Re: In Hunk, app-specific field extraction is not picked up by map-reduce jobs

Splunk Employee
Splunk Employee

Two more things:
a) make sure to add header.time in the required fields for the vix
b) you'd need to fix TIME_FORMAT, probably need "%s%3N" (or maybe that's what you have and it doesn't render right here)

0 Karma
Highlighted

Re: In Hunk, app-specific field extraction is not picked up by map-reduce jobs

Explorer

Yup.
- Already had header.time as required fields for the vix.
- Missed the %s... added it

0 Karma
Highlighted

Re: In Hunk, app-specific field extraction is not picked up by map-reduce jobs

Splunk Employee
Splunk Employee

Ahh, the "corollary" and "corollary++" are actually very important in what you're experiencing - basically what is happening is that Hunk does not have any knowledge that the field is being extracted from the "message" field and therefore the Avro reader doesn't output it - thus the extraction fail. Why does it work when you run "index=vix source=events" ? Well, if you're not running a reporting search (stats, timechart etc) the search is effectively ran in "verbose mode"

There are two ways to fix this:
a) if there are some fields that you always need some fields you can tell the record readers to always output them - check this answer for how to do that

b) you can tell the extractor that the field is actually being extracted from another field by modifying the extraction rule as follows:

 [myvix_sourcetype]
EXTRACT-myField = ^(?:[^\|\n]*\|){6}(?<my_field>[^\|]+) IN message 

Unfortunately both methods require you to edit .conf files.

View solution in original post

Highlighted

Re: In Hunk, app-specific field extraction is not picked up by map-reduce jobs

Explorer

Since the original developer used the UI to create the regex, it would be great if the UI could infer that message is required.

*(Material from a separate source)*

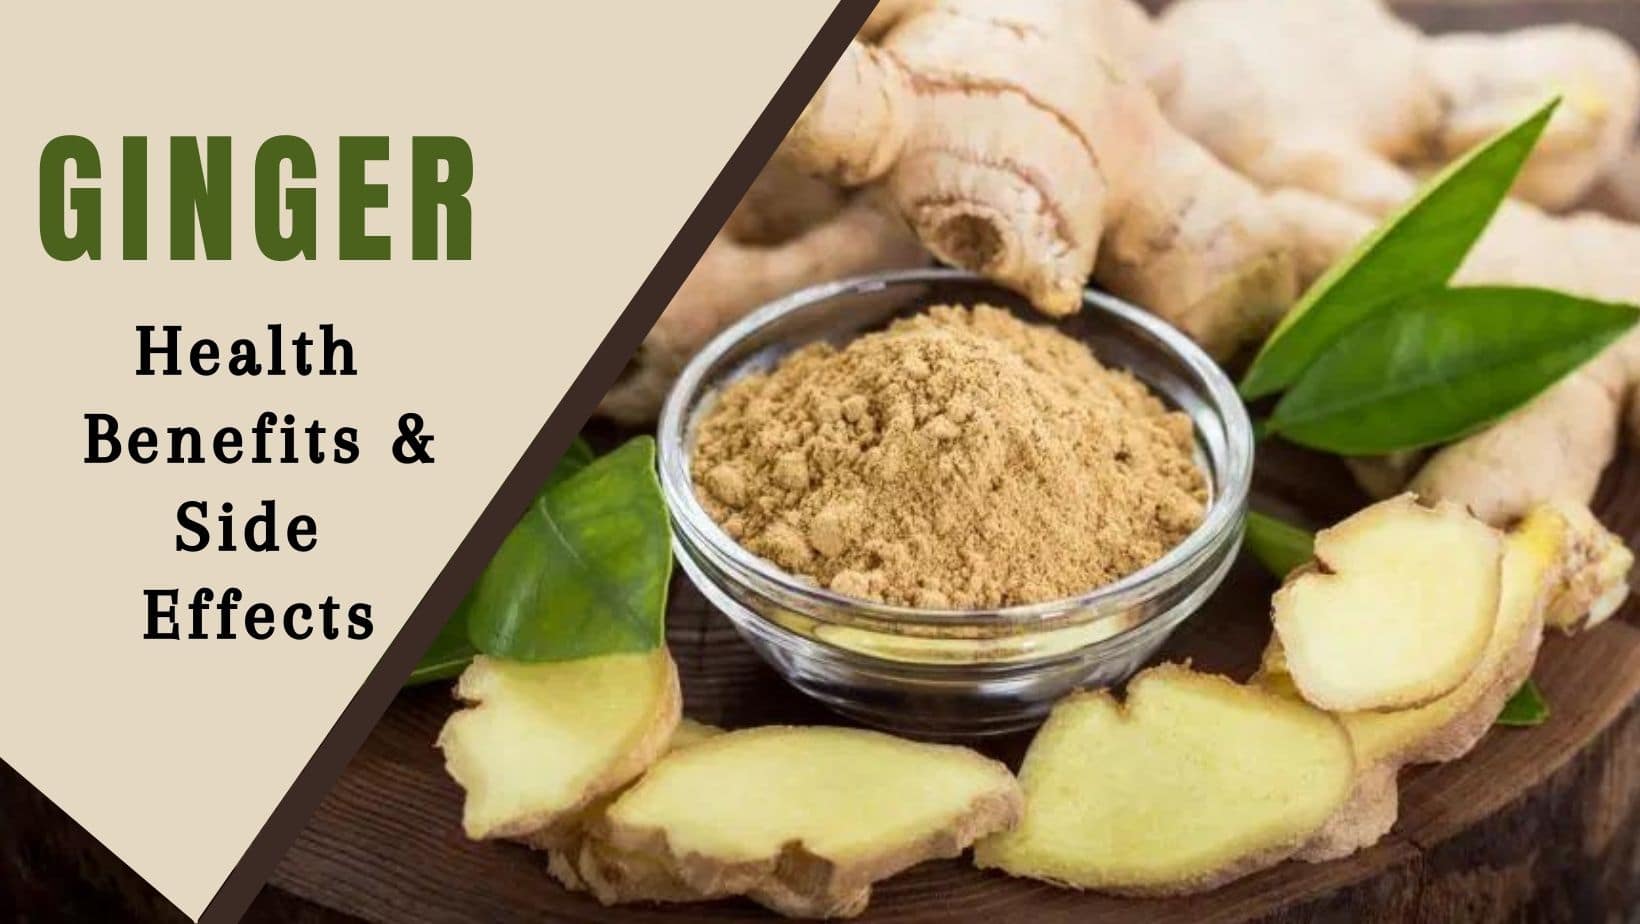 Ginger: Health Benefits, Uses, Side Effects and More

It severely limits what end users can do for "schema-on-read" use-cases.... requiring a ticket for each field-extraction for the admin to go in and edit.

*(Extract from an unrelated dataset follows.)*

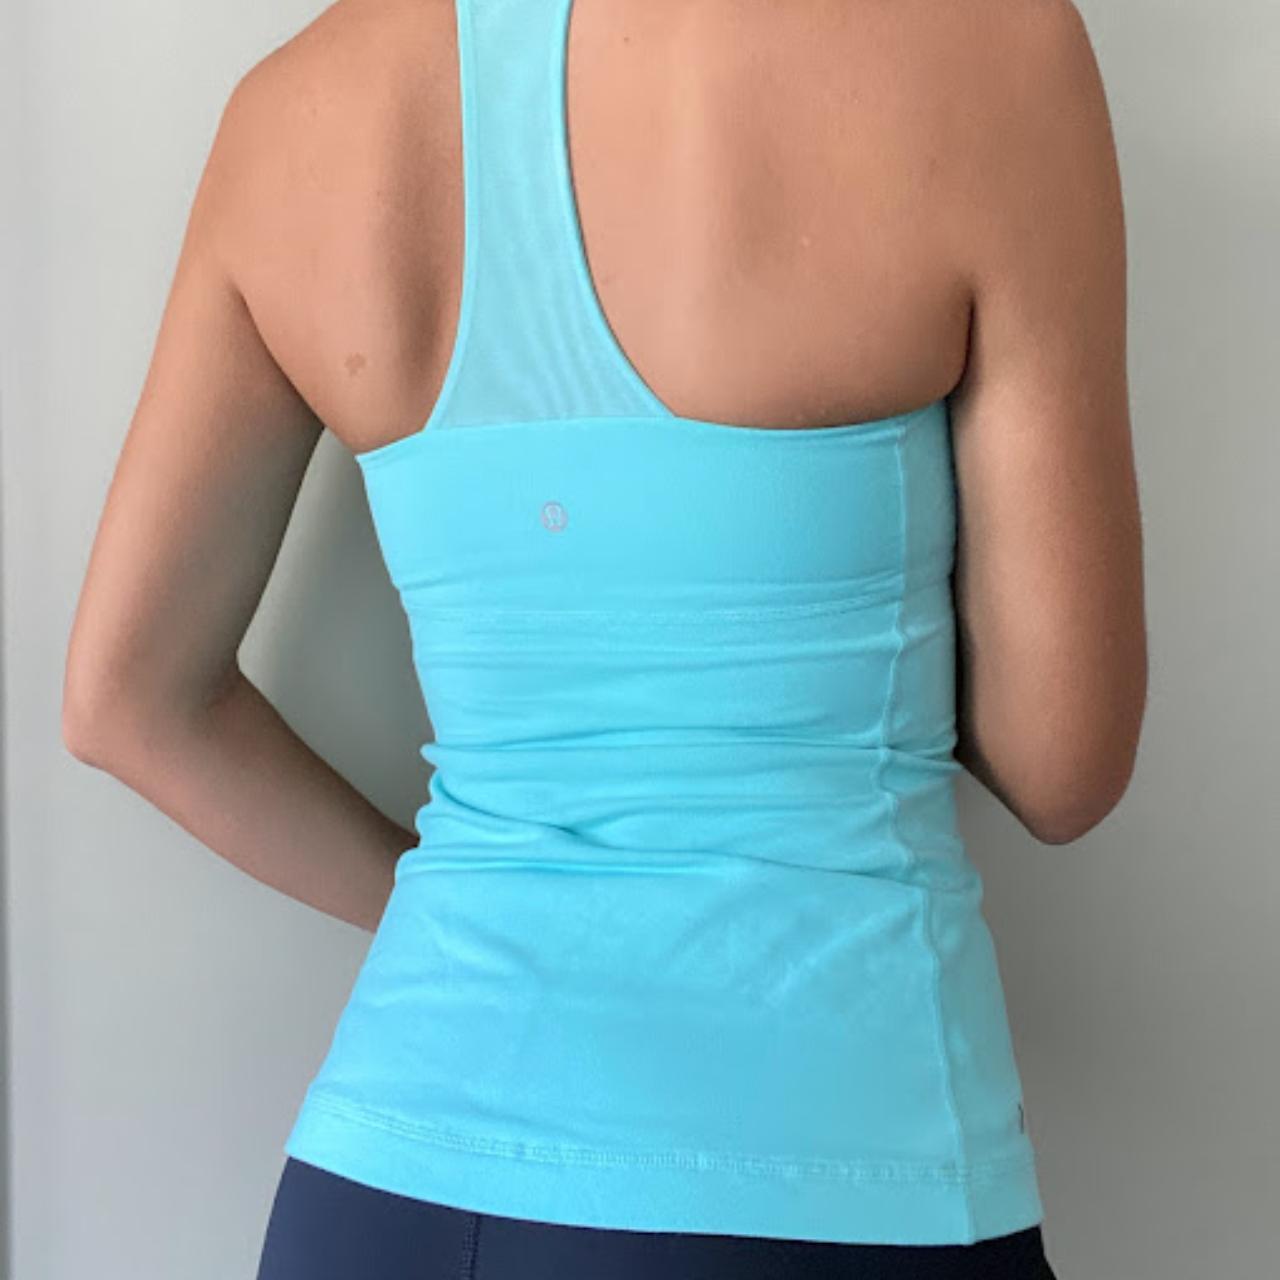 Womens Lululemon tank top, early 2000s vibes, in

I tried both approaches and both worked, as advertised.

Since this is specific to the {nonsearchappapp} and since I only need it to pull in that field when it needs to I went with b).

 [myvix_sourcetype]
 EXTRACT-myField = ^(?:[^\|\n]*\|){6}(?≺my_field≻[^\|]+) in message

It worked like a charm! Thanks @Ledion once again!